You look _exactly_ like a young Anna Nicole Smith (not an insult).










A girl once told me I looked like Christina Ricci. I look nothing like her, plus I don't have a large forehead or a heart-shaped face. I don't really look like any celebrity.


----------



## lisbeth (May 18, 2012)

tbyrfan said:


> You look _exactly_ like a young Anna Nicole Smith (not an insult).
> 
> 
> 
> ...


"Not an insult", and you post that picture? Jeez, that's the highest compliment you could have given me. Thank you, I wish that was true. I would love to have a face like that. She has a much better nose (I have a wide/fat nose), much bigger eyes, more proportional forehead, more feminine jawline, higher symmetry and better proportions in general. The one resemblance I can see is the very prominent chin. I'm embarrassed by this post because it's not normal at all to pick apart faces into components like this, but I'm sure it's a mental habit that a lot of people here will share.

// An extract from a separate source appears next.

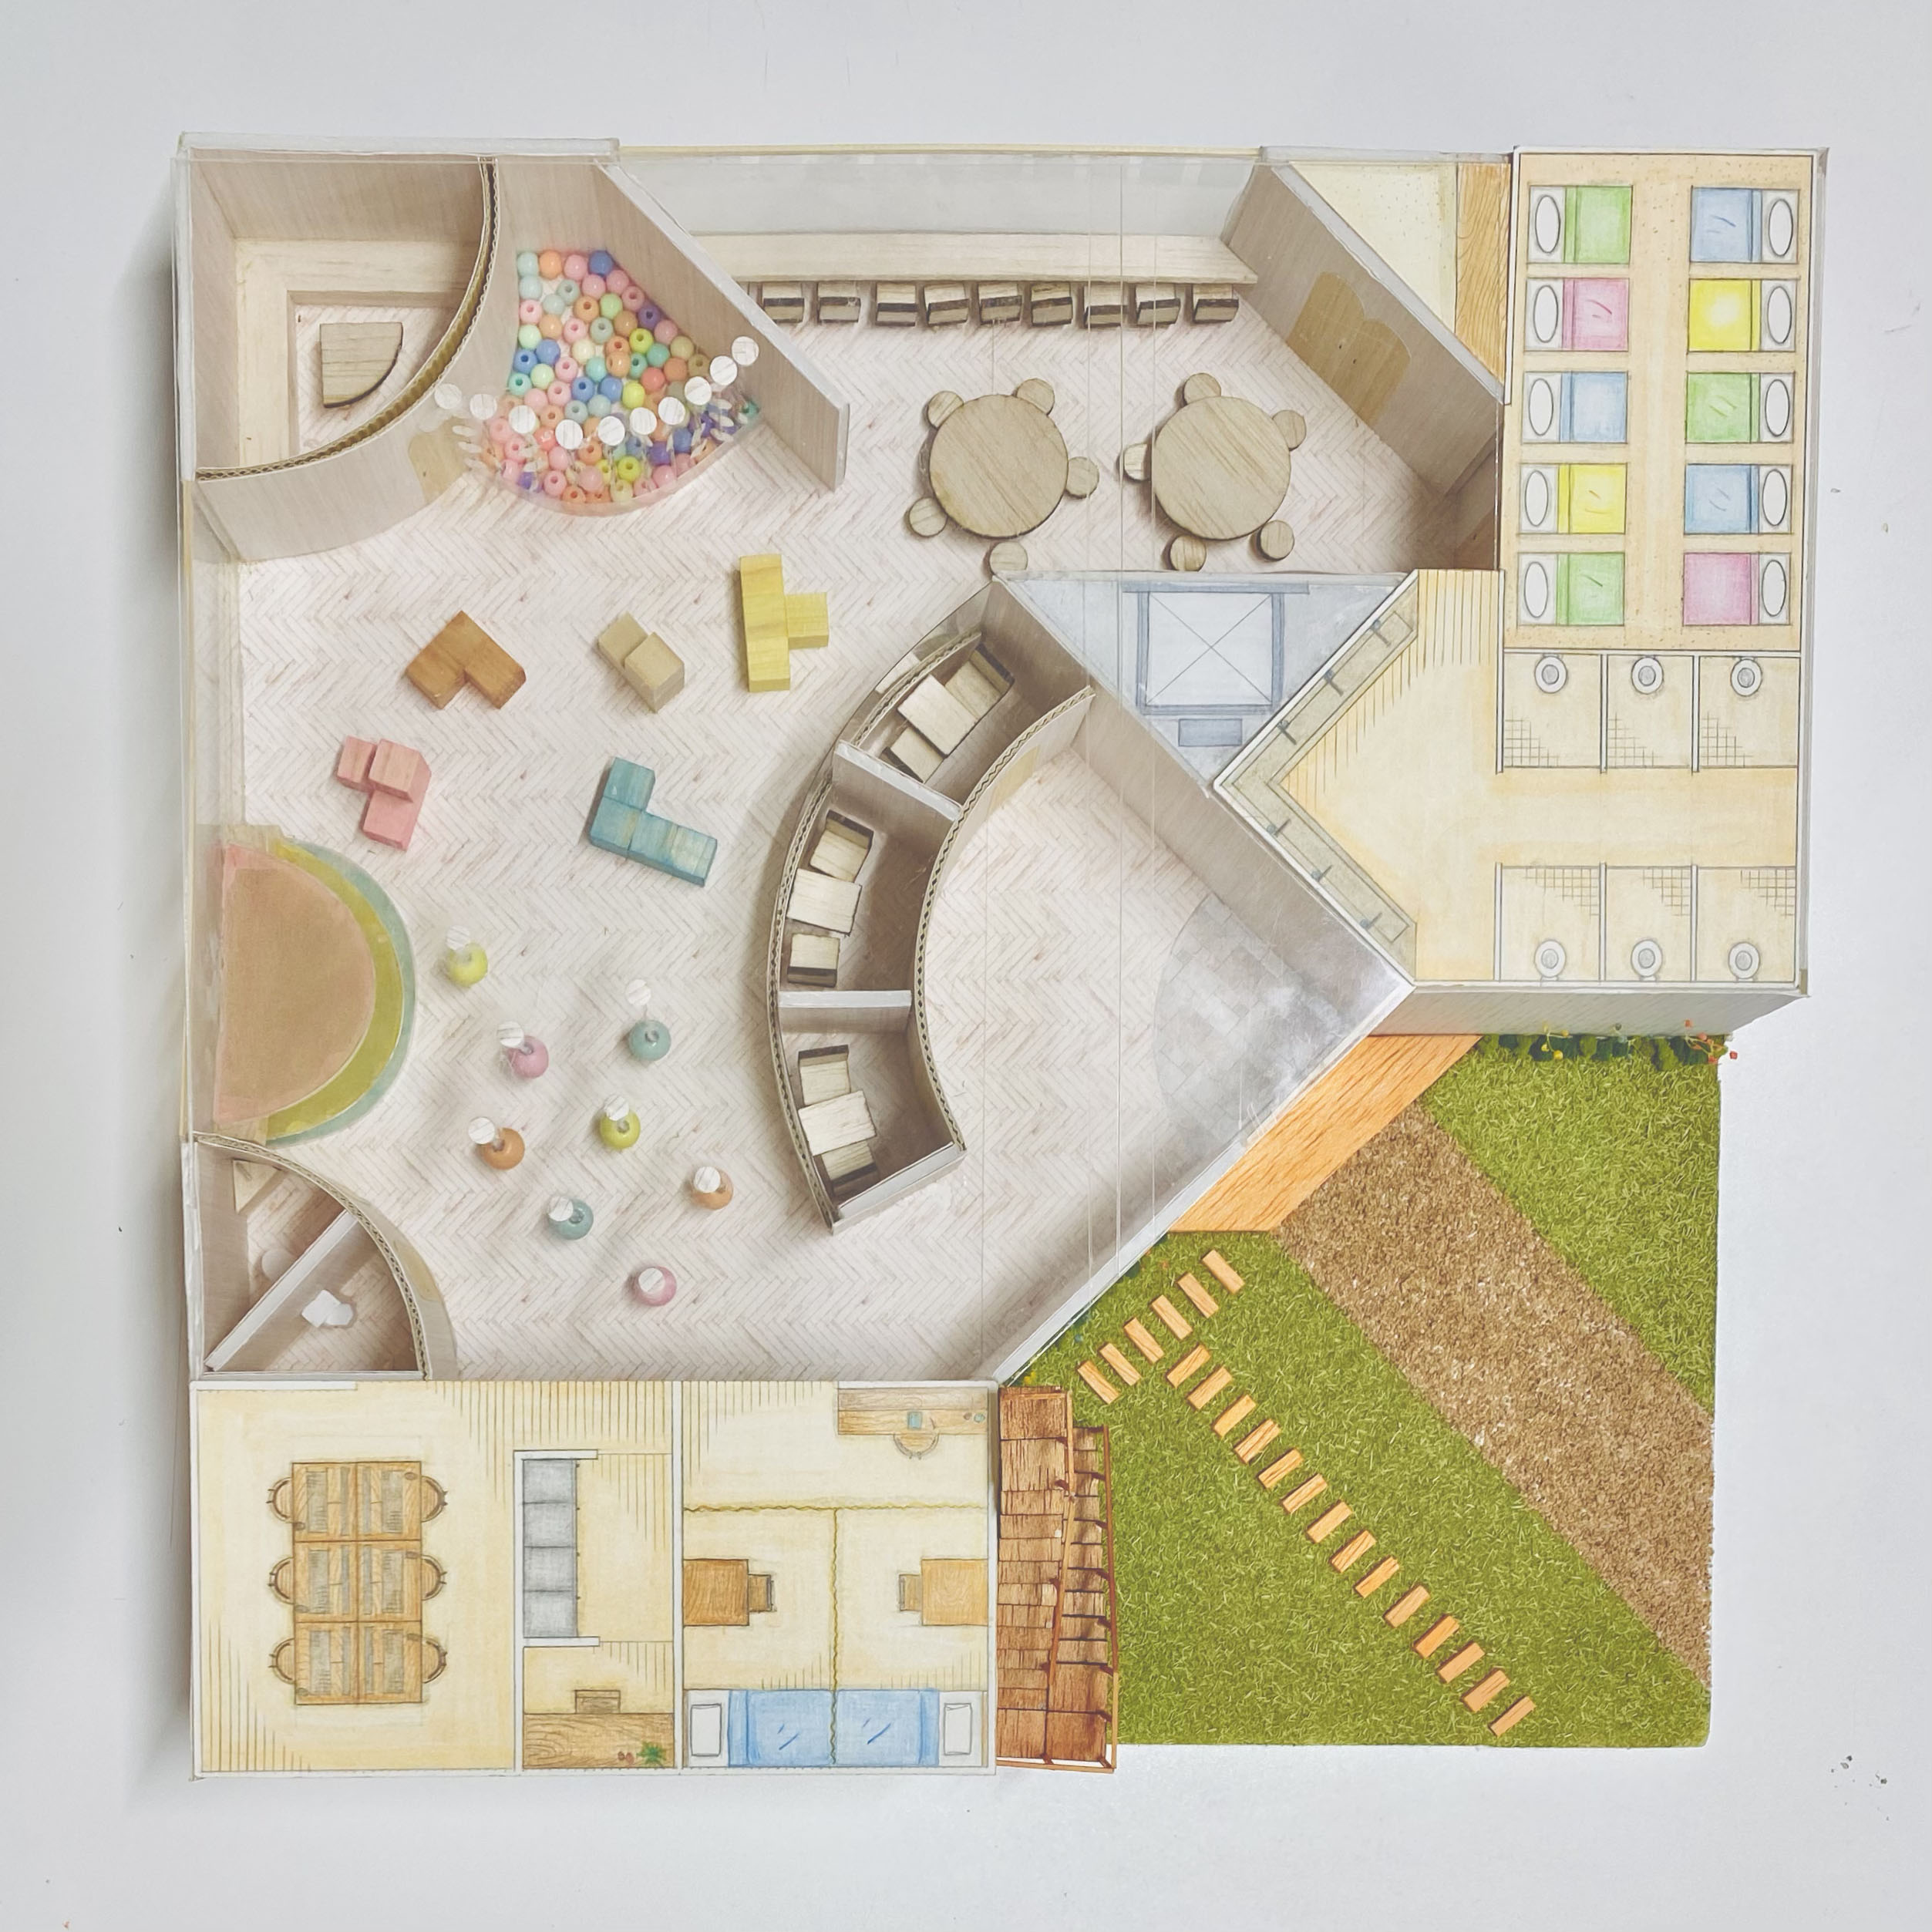 遊びながら体幹と五感を刺激するトレーニング遊具を1階ホールに設置。

I've only seen a couple of pictures of you on here, but I would say Anne Hathaway. You have eyes like hers and a similar mouth.


----------



## ConfusedMuse (Jan 26, 2011)

Two people have said I look like Sara Gilbert. I wish they hadn't said it. I think it's my hair.


----------



## Nekomata (Feb 3, 2012)

I voted no. Although a couple people comment that I look like Samara from The Ring. I don't get it.


----------



## monotonous (Feb 1, 2013)

impefect cell


----------



## Sinatra (Mar 13, 2013)

No.
Although my dad said I look like Bruce Lee during one of his drunken episodes.


----------



## orsomething (Feb 14, 2014)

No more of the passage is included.